For older people who are more established in their careers, Crandall says it can be more difficult to prepare and deal with sudden unemployment.
“Unfortunately, their fix costs are a lot of time higher because they have families and mortgages,” he says. “Typically they have more asset related payments that they simply can’t not pay. They tend to have a little bit less flexibility.”
That’s why it’s important to start creating that special emergency fund now. Crandall says he often sees older people exhausting their savings during times of unemployment, or even more problematic, dipping into their RRSPs.
“They may not have an emergency fund, but they certainly could have a significant amount of RRSP savings and they will try to use that to try to survive,” he says.
“If that’s your strategy, you have to be really careful, because when you take money out of an RRSP, it’s taxable. You might end up solving the problem of paying the credit card bill, but you might be inadvertently be creating another problem which is an income tax debt.”
That’s why Crandall advises talking to a financial advisor or licensed insolvency trustee before they even consider dipping into their RRSPs.
“There’s little that more frustrating to me than when I see somebody who’s been living off of RRSPs for the last year. They are now exhausted and they subsequently need to file for either bankruptcy or a [consumer proposal],” he says. “Because if they had filled that some time ago, those RRSPs would have been protected from creditors. Find out that information sooner rather than later.”
Programs To Help
Besides being prepared, it’s important to know about the government programs available for if you ever get laid off.
The most obvious one is Employment Insurance, also known as “E.I.” E.I. covers 55 per cent of your wages up to a maximum of $2,000 monthly. Crandall says it can take up to 28 days plus a one-week waiting period for you to receive your first cheque.

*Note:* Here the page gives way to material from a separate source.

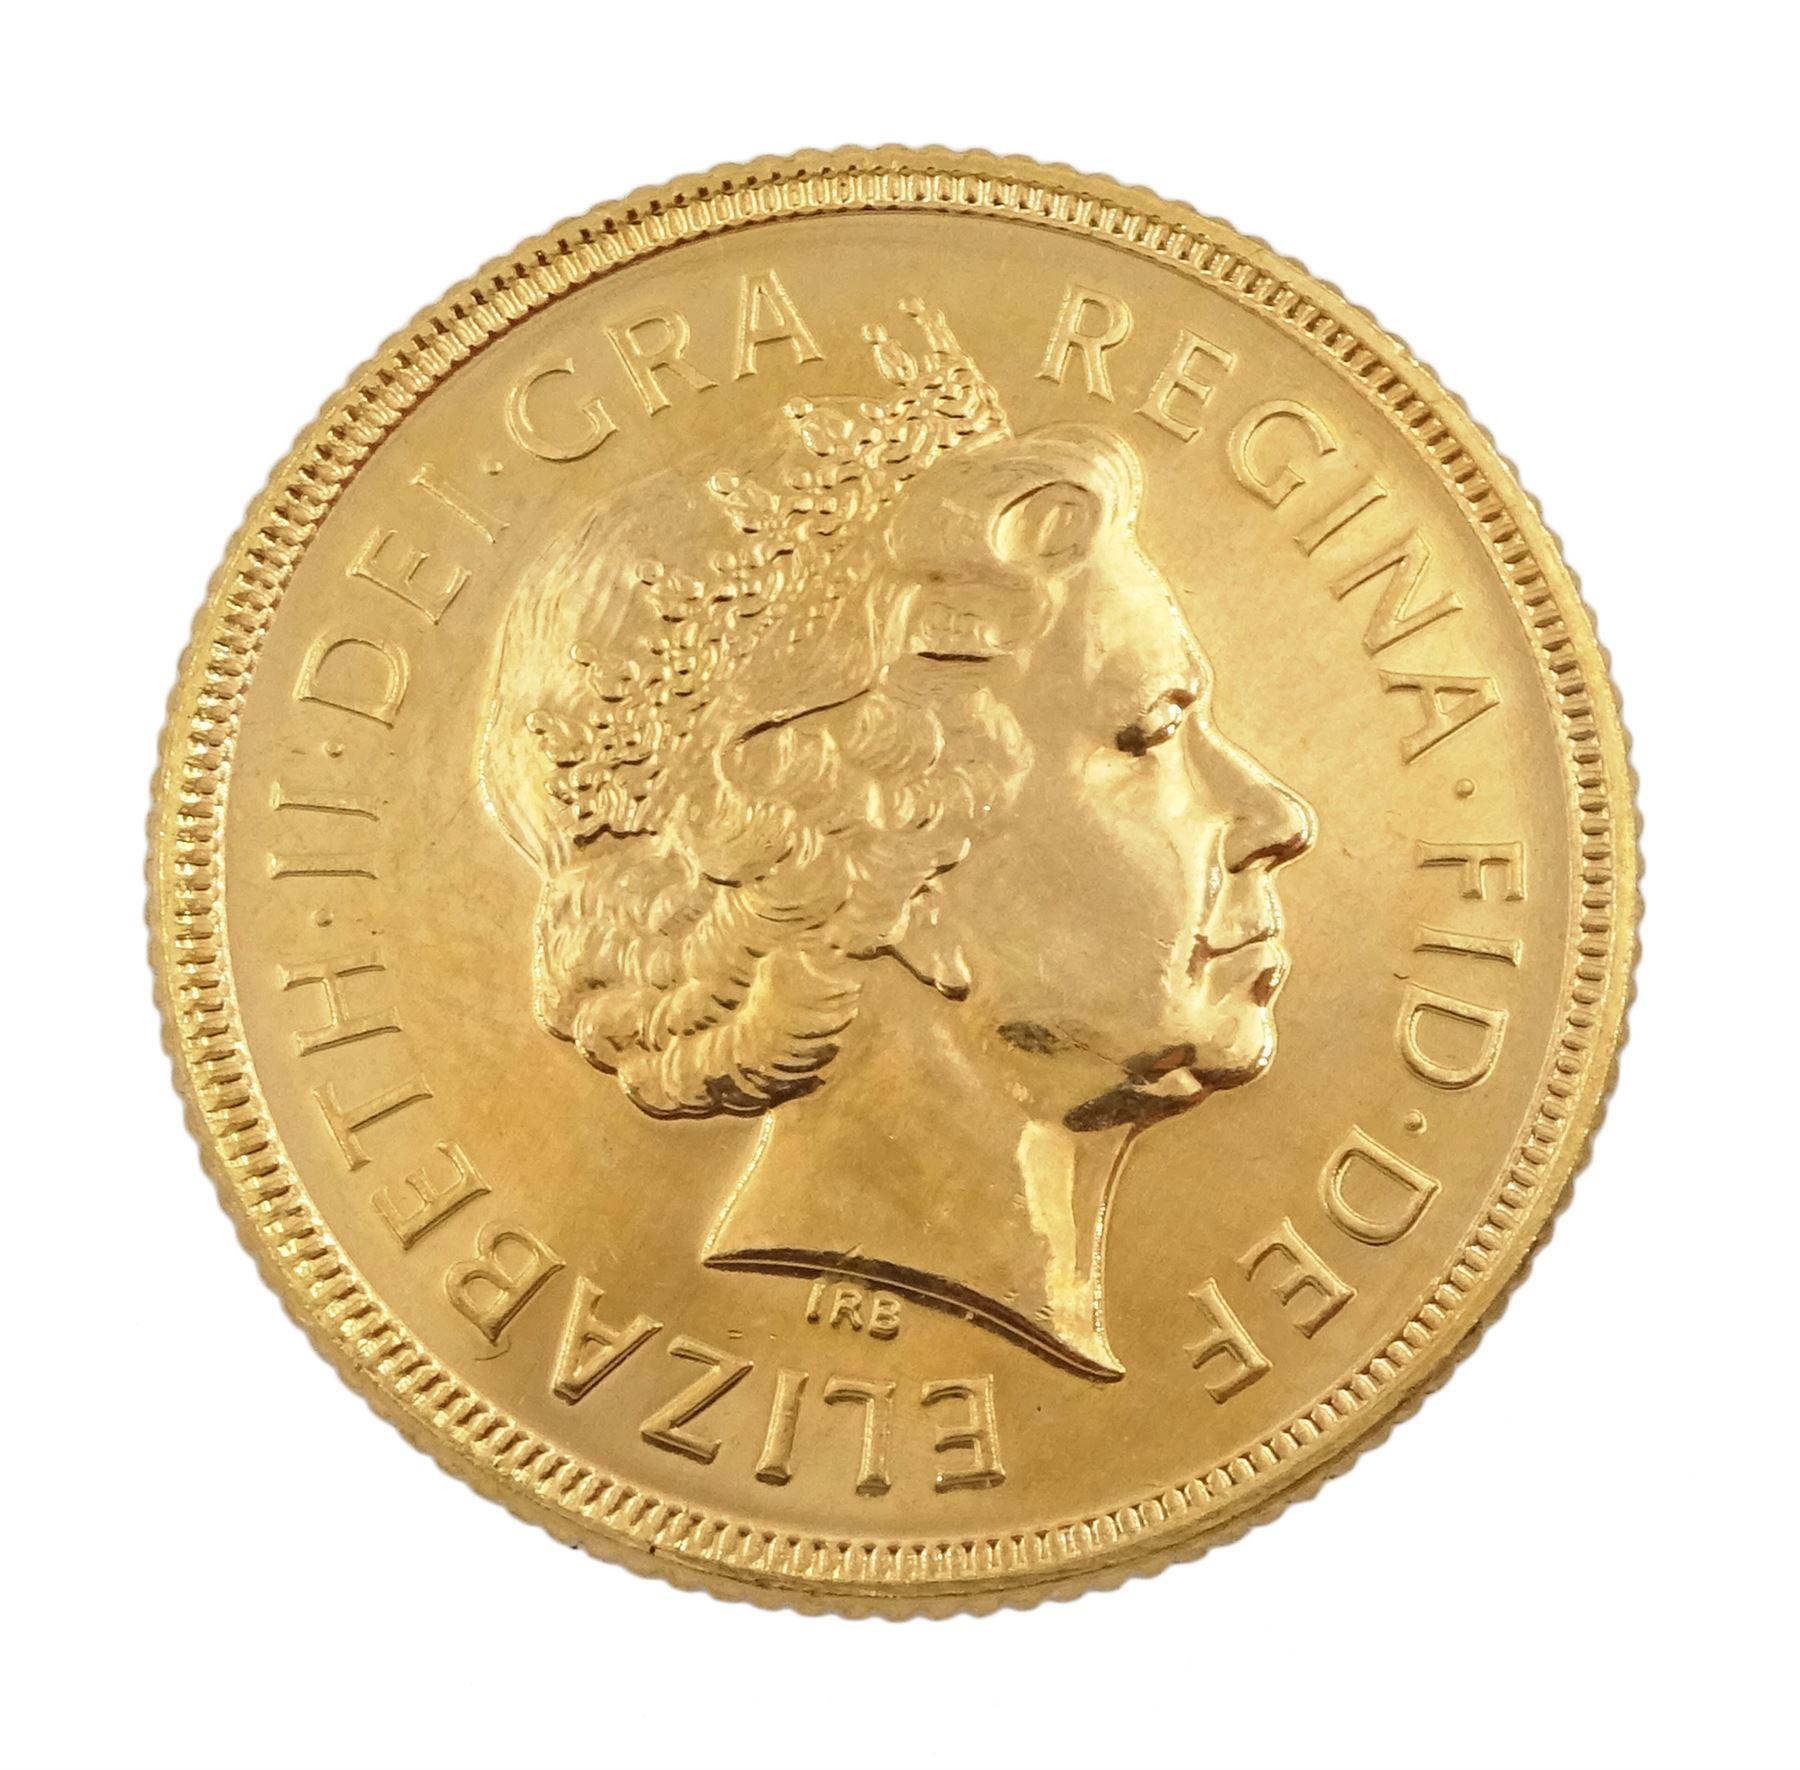 Queen Elizabeth II 2000 gold full sovereign coin - Image 2 of 3
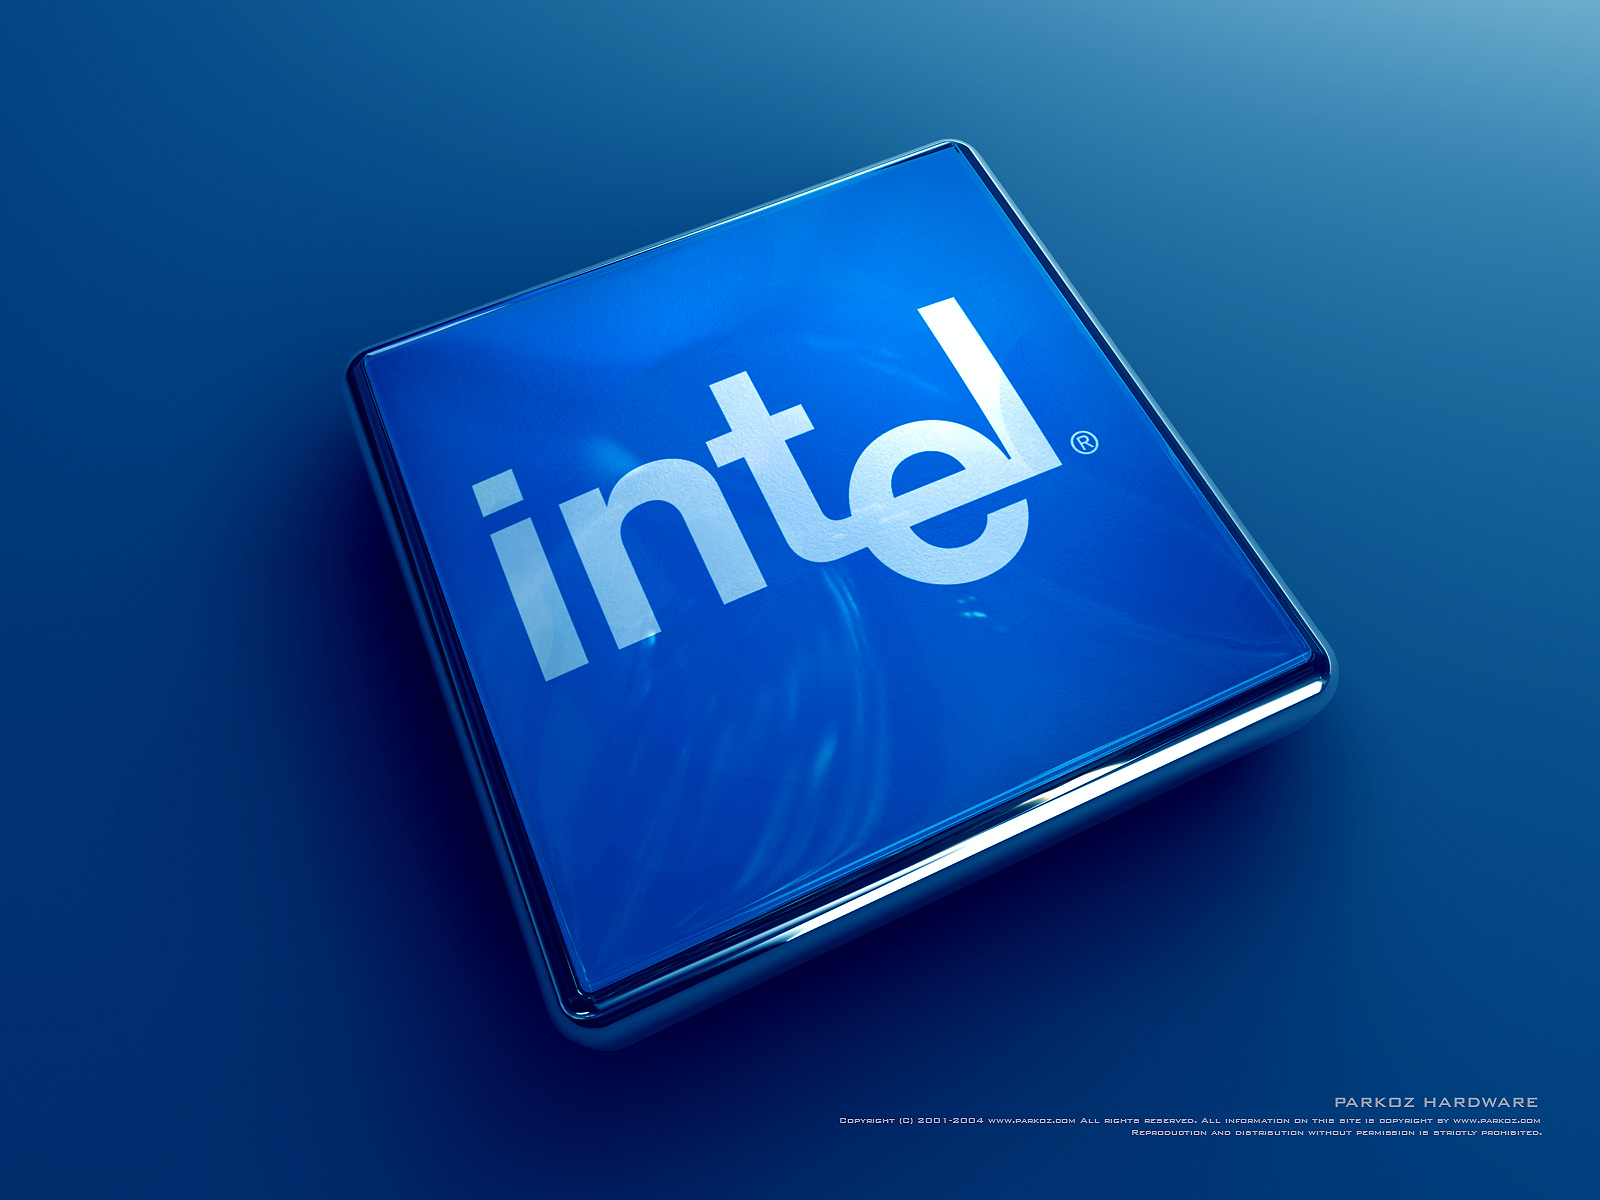 Intel I5 Logo Intel Logo Png 1600x1200

That’s why it’s important to start the application process as soon as you learn you’re out of the job.
“It’s important for them to get their ROE [Report Of Earnings] from their employer as soon as possible so they can file that application,” he says.
But if your business has suddenly closed due to bankruptcy or receivership, there is another government program you can leverage.
The federal government’s Wage Earner Protection Program (WEP) will pay to employees any of the wages they have been unpaid within the last six months to a maximum of around $6,600
“That’s a great step because historically if a business went bankrupt employees got nothing. All of the money went to the business’s creditors,” says Crandall.
If you’re in a situation where the business hasn’t gone bankrupt but you’re still owed wages, contact your provincial employment standards board.
“They can try to help you recover what’s owed to you for any wage,” says Crandall.
If you’re unsure of what options are available to do you, seek professional help. Crandall says most financial advisors and licensed insolvency trustees don’t charge for consultations.
“Don’t be shy don’t be ashamed to see professional advice,” he says. “Any financial planner, and license insolvency they will talk to you, and generally speaking, they will not charge for a consultation.”